PAT 1002. A+B for Polynomials (25) c++版

This time, you are supposed to find A+B where A and B are two polynomials.

Input

Each input file contains one test case. Each case occupies 2 lines, and each line contains the information of a polynomial: K N1 aN1 N2 aN2 ... NK aNK, where
K is the number of nonzero terms in the polynomial, Ni and aNi (i=1, 2, ..., K) are the exponents and coefficients, respectively.
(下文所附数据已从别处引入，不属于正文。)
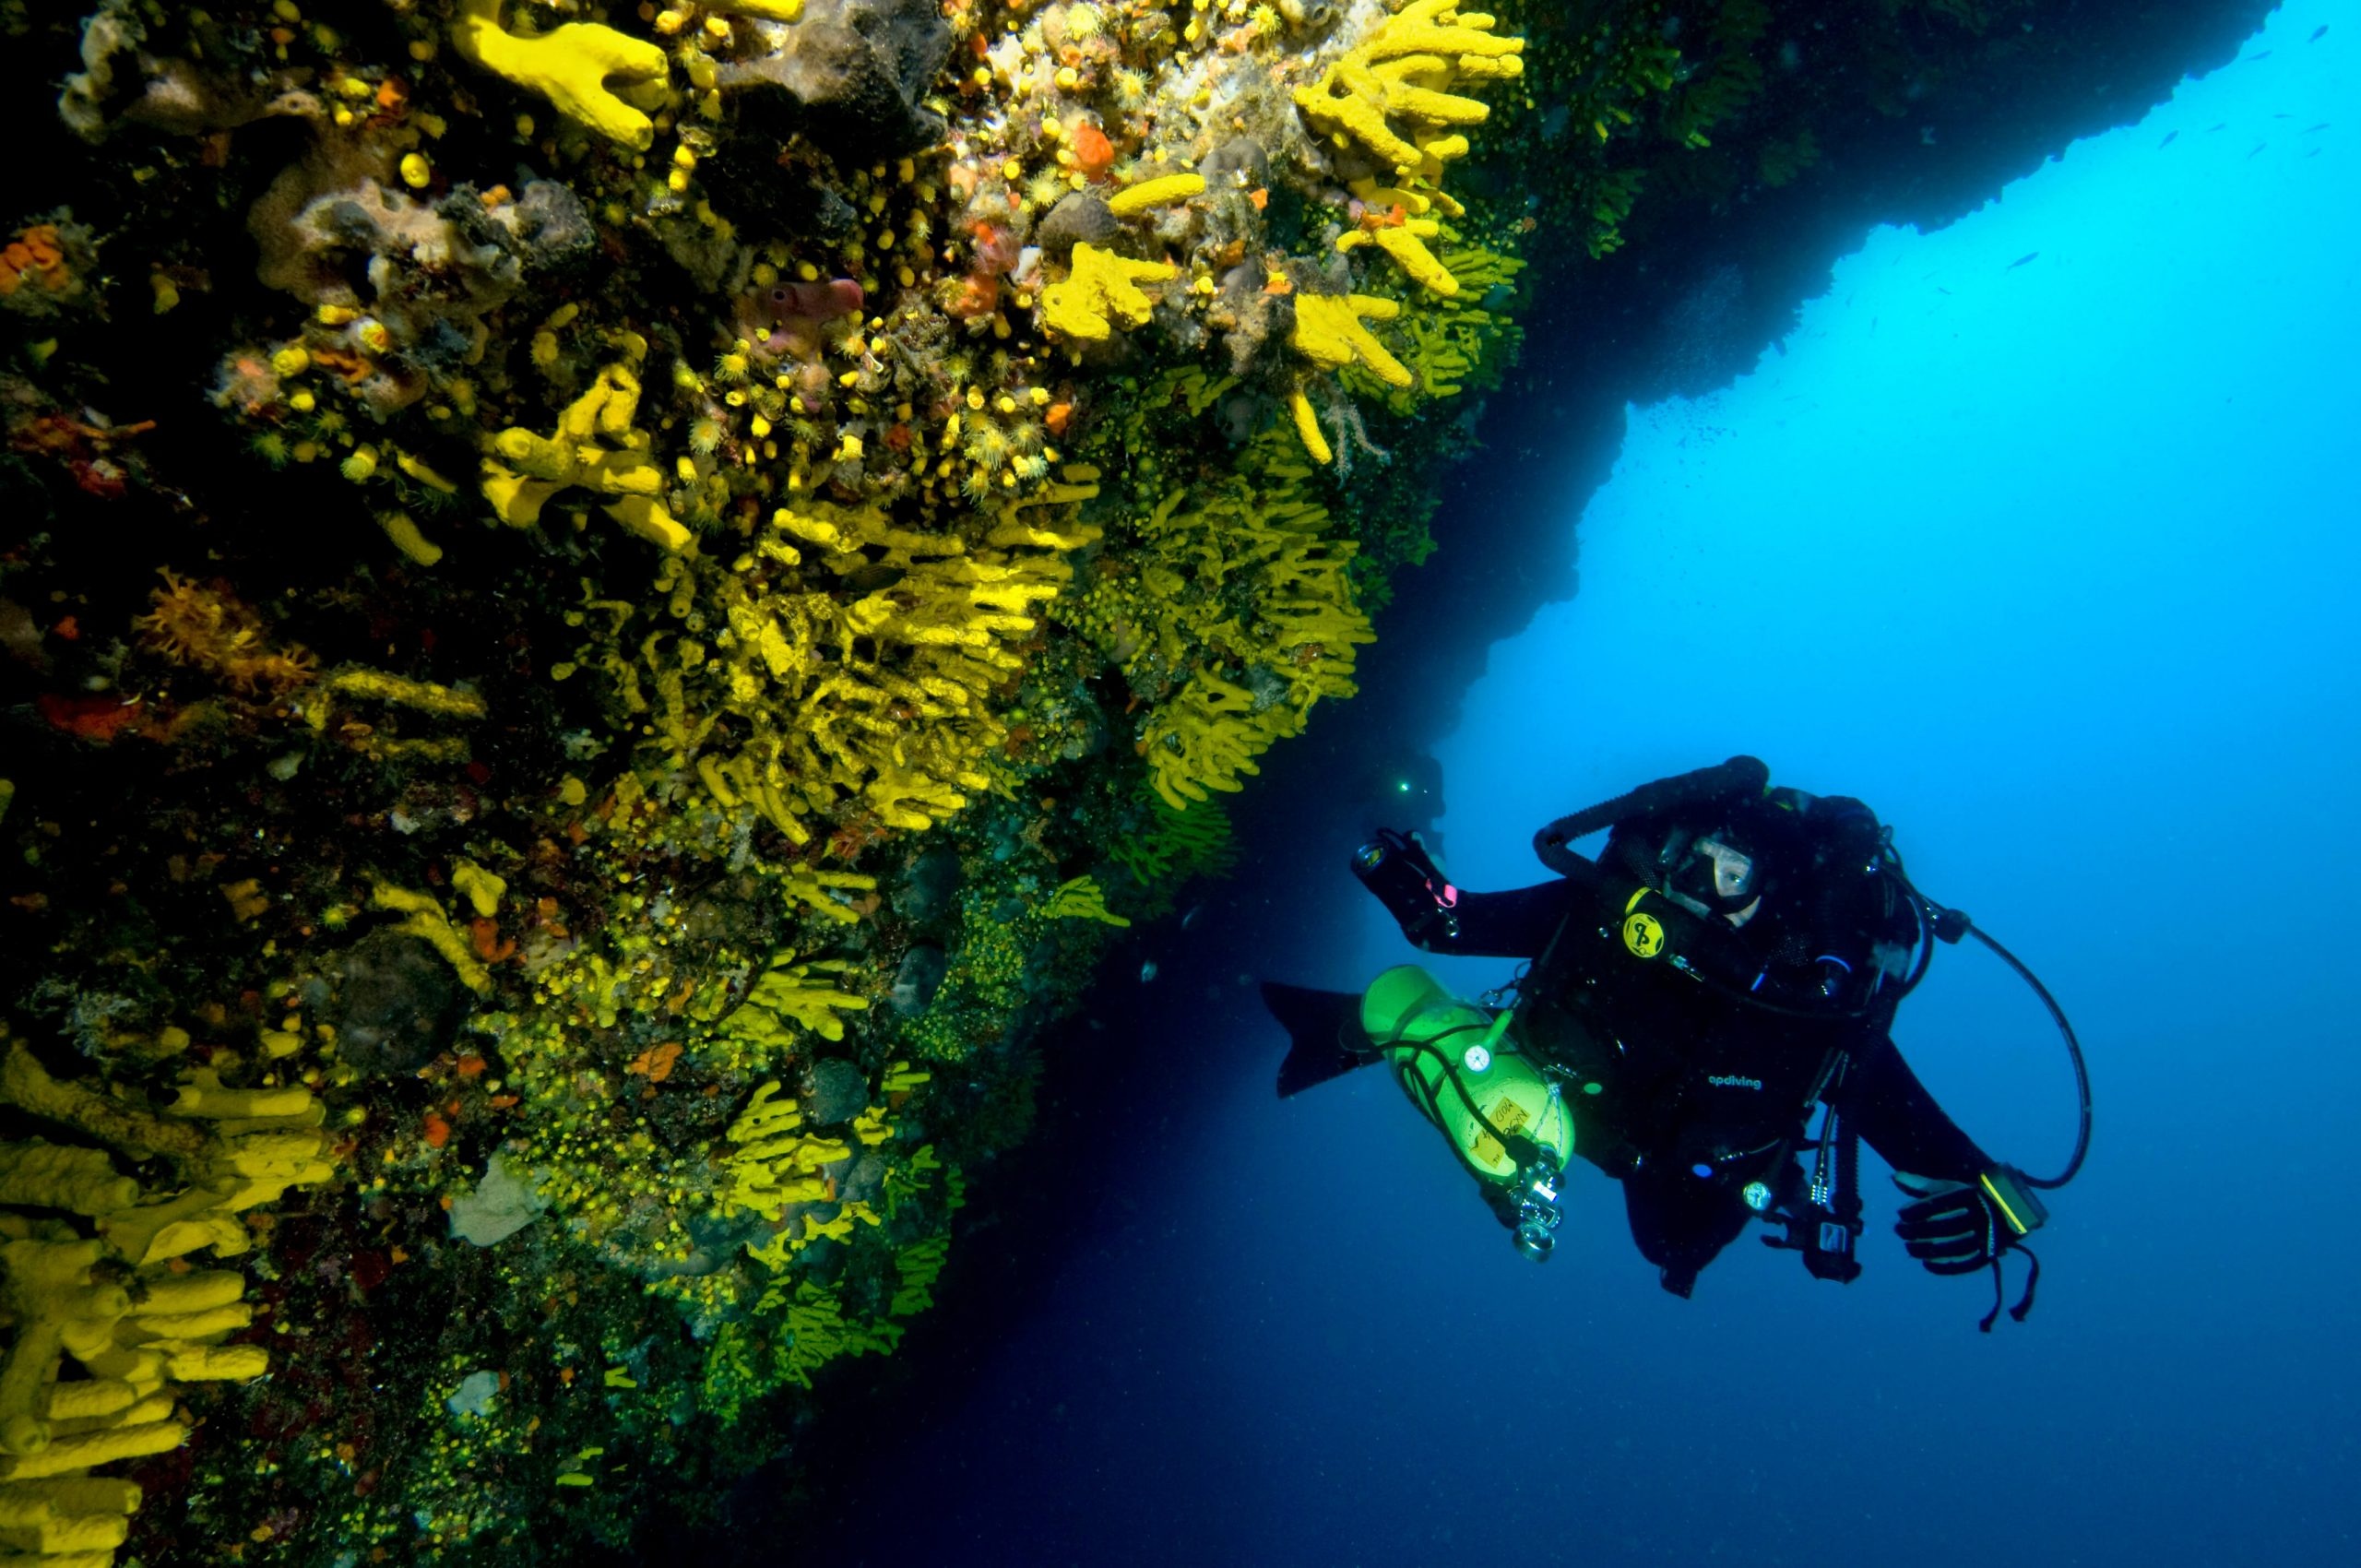 Diving: A deep-sea reef exploration performed by a professional scuba diver. 2560x1700 HD Wallpaper.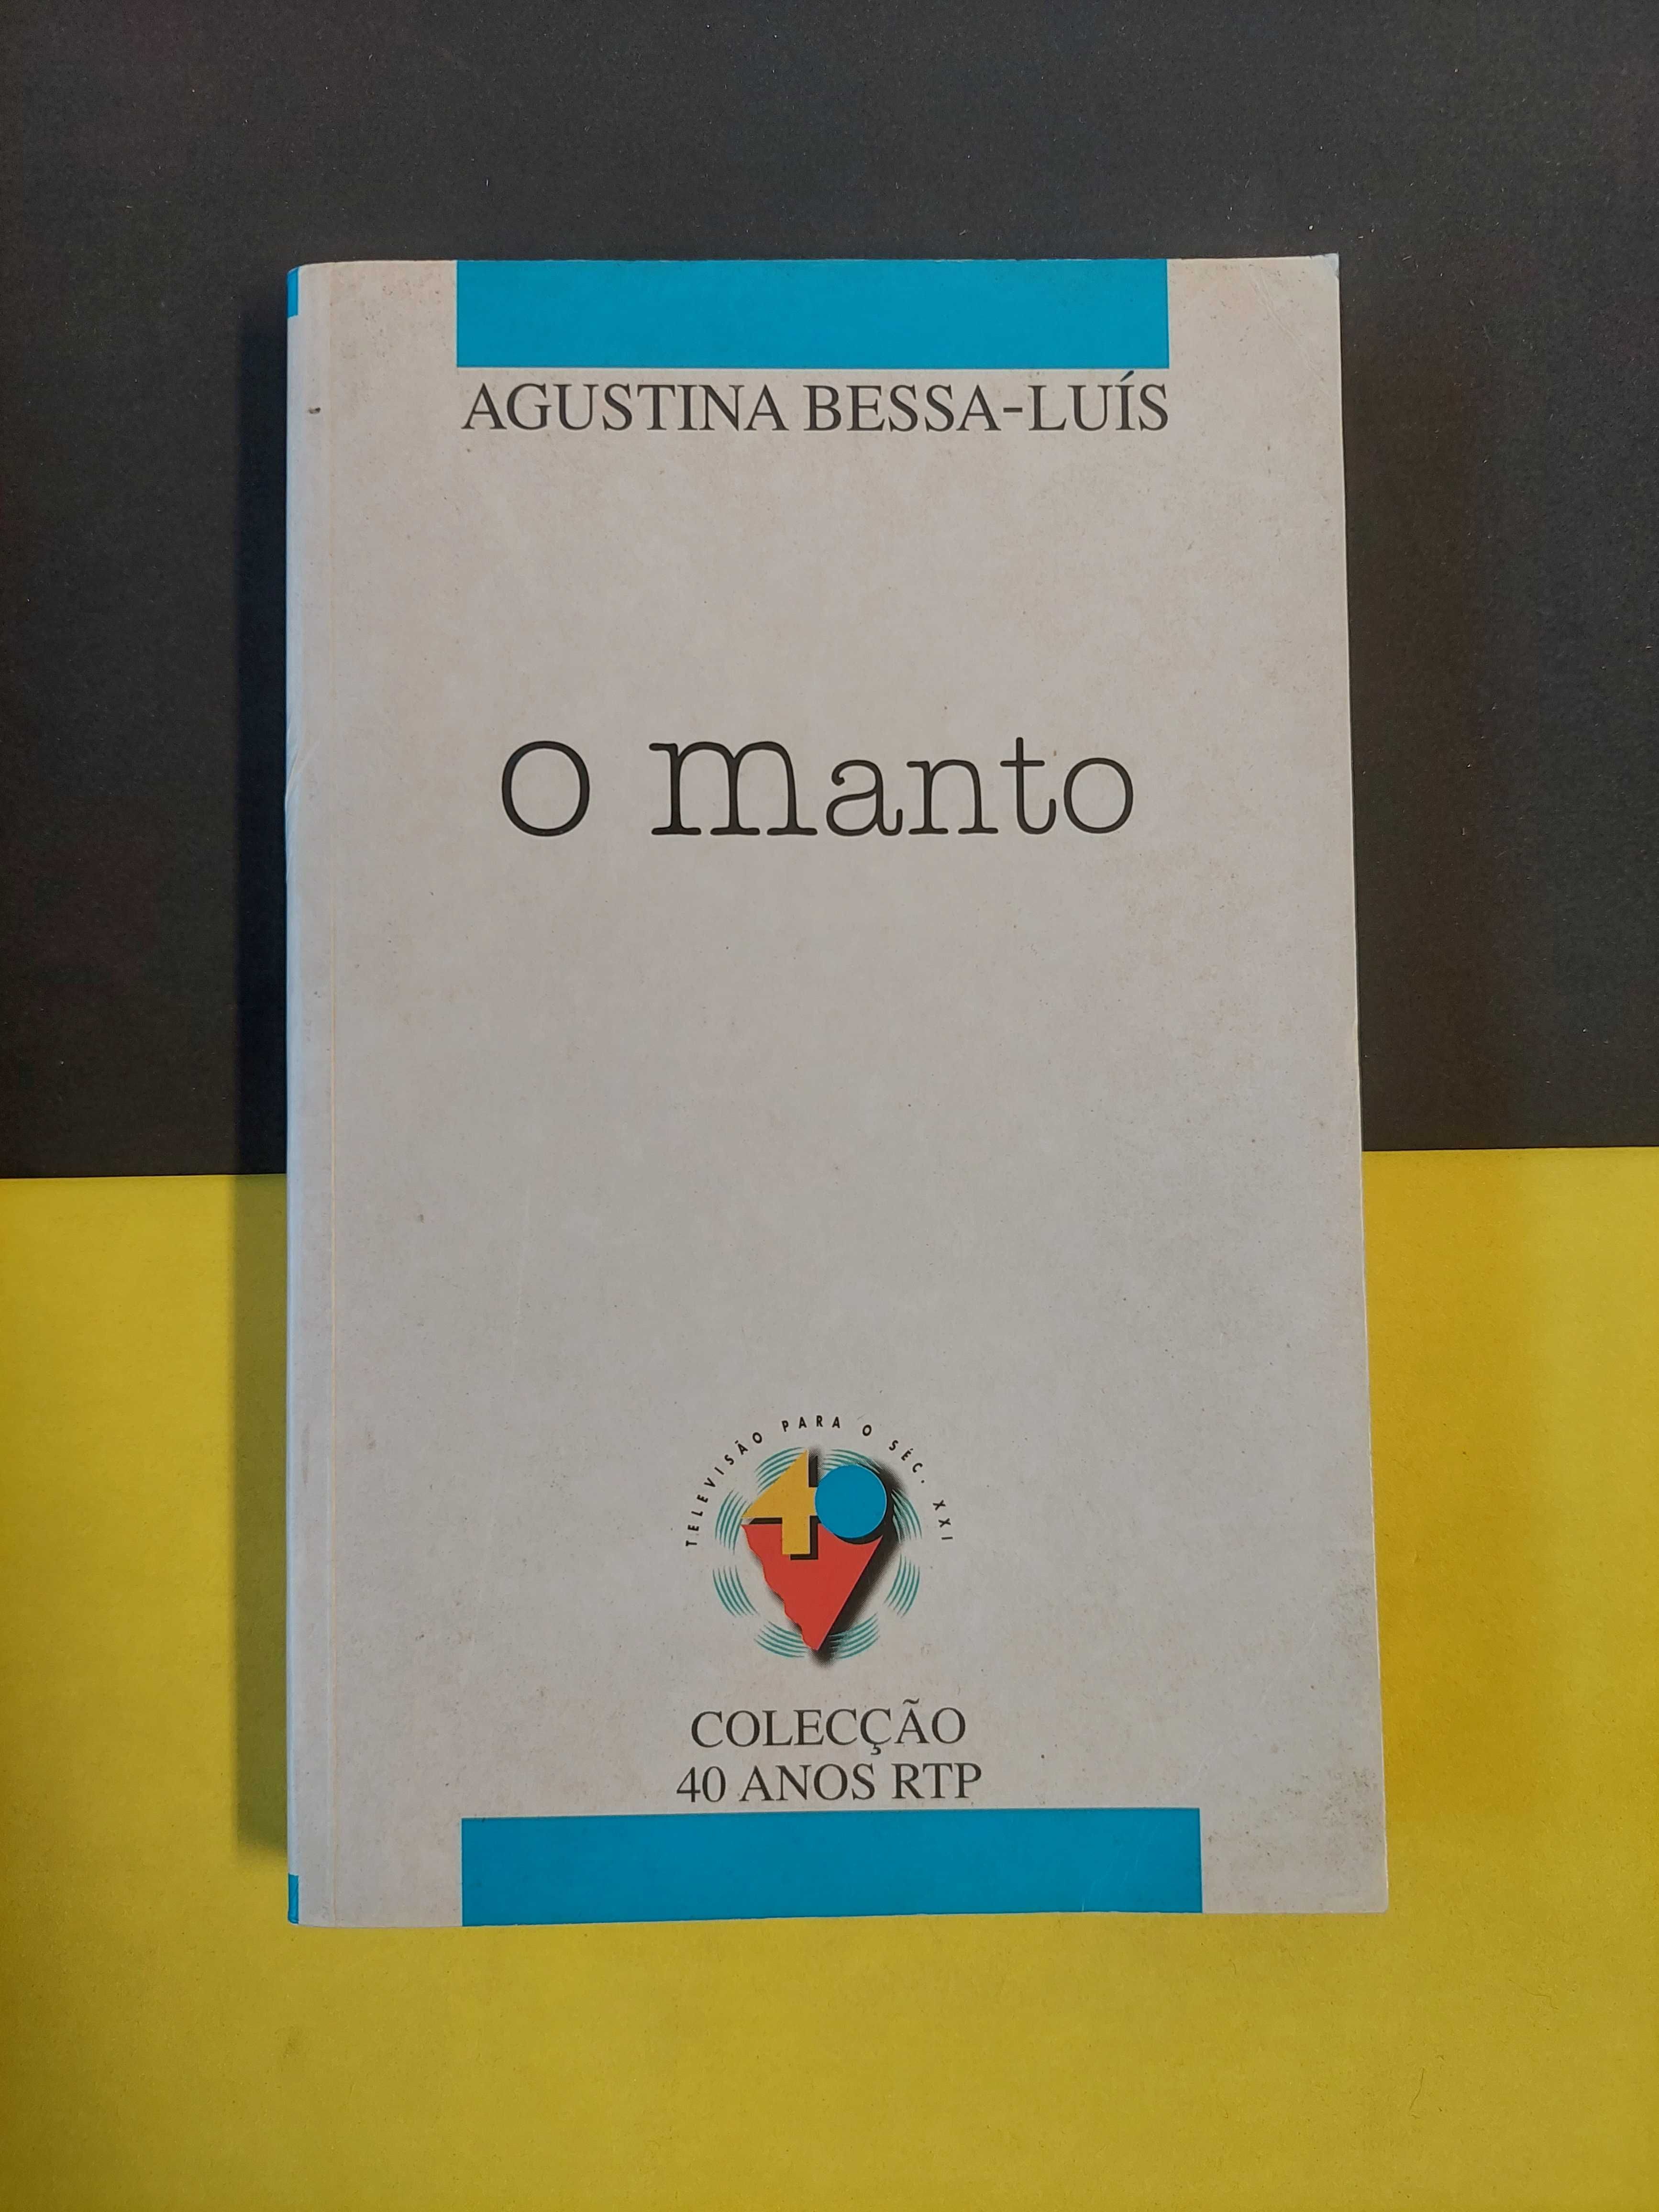 Agustina Bessa-Luís - O manto

It is given that 1 <= K <= 10，0 <= NK < ... < N2 < N1 <=1000.

Output

For each test case you should output the sum of A and B in one line, with the same format as the input. Notice that there must be NO extra space at the end of each line. Please be accurate to 1 decimal place.
Sample Input

2 1 2.4 0 3.2
2 2 1.5 1 0.5

Sample Output

3 2 1.5 1 2.9 0 3.2

题目意思：分两行给出两个多项式，输入的格式为：多项式的项数，指数，系数，指数，系数...求出这两个多项式相加后的项数，指数，系数

思路：用一个数组来存放多项式，数组下标为指数，数组中存放系数，将数组初始化为0，在接收输入时，直接将系数加到对应位置的数上.

注意：	1、输出的格式中，系数取到小数点后一位

2、如果多项数相加后，所有项相加的和都为0，应输出一个0

#include <bits/stdc++.h>
using namespace std;

double temp[1005] = {0};

int main() {
int k;
for (int j = 0; j < 2; j++) {	//循环2次，读取两行的数据
scanf("%d", &k);			//读取该行的项数
for (int i = 0; i < k; i++) {
int num;
double t;
scanf("%d %lf", &num, &t);		//读取每一项的系数和指数
temp[num] += t;				//将指数作为数组的下标，对应的数组中存放系数的和
}
}
int count = 0;
//遍历查找多项式的项数
for (int i = 0; i < 1001; i++)
if (temp[i] != 0) count++;
printf("%d", count);
//按照指数从大到小的顺序输出指数和系数
for (int i = 1000; i >= 0; i--)
if (temp[i] != 0) printf(" %d %.1f", i, temp[i]);
return 0;
}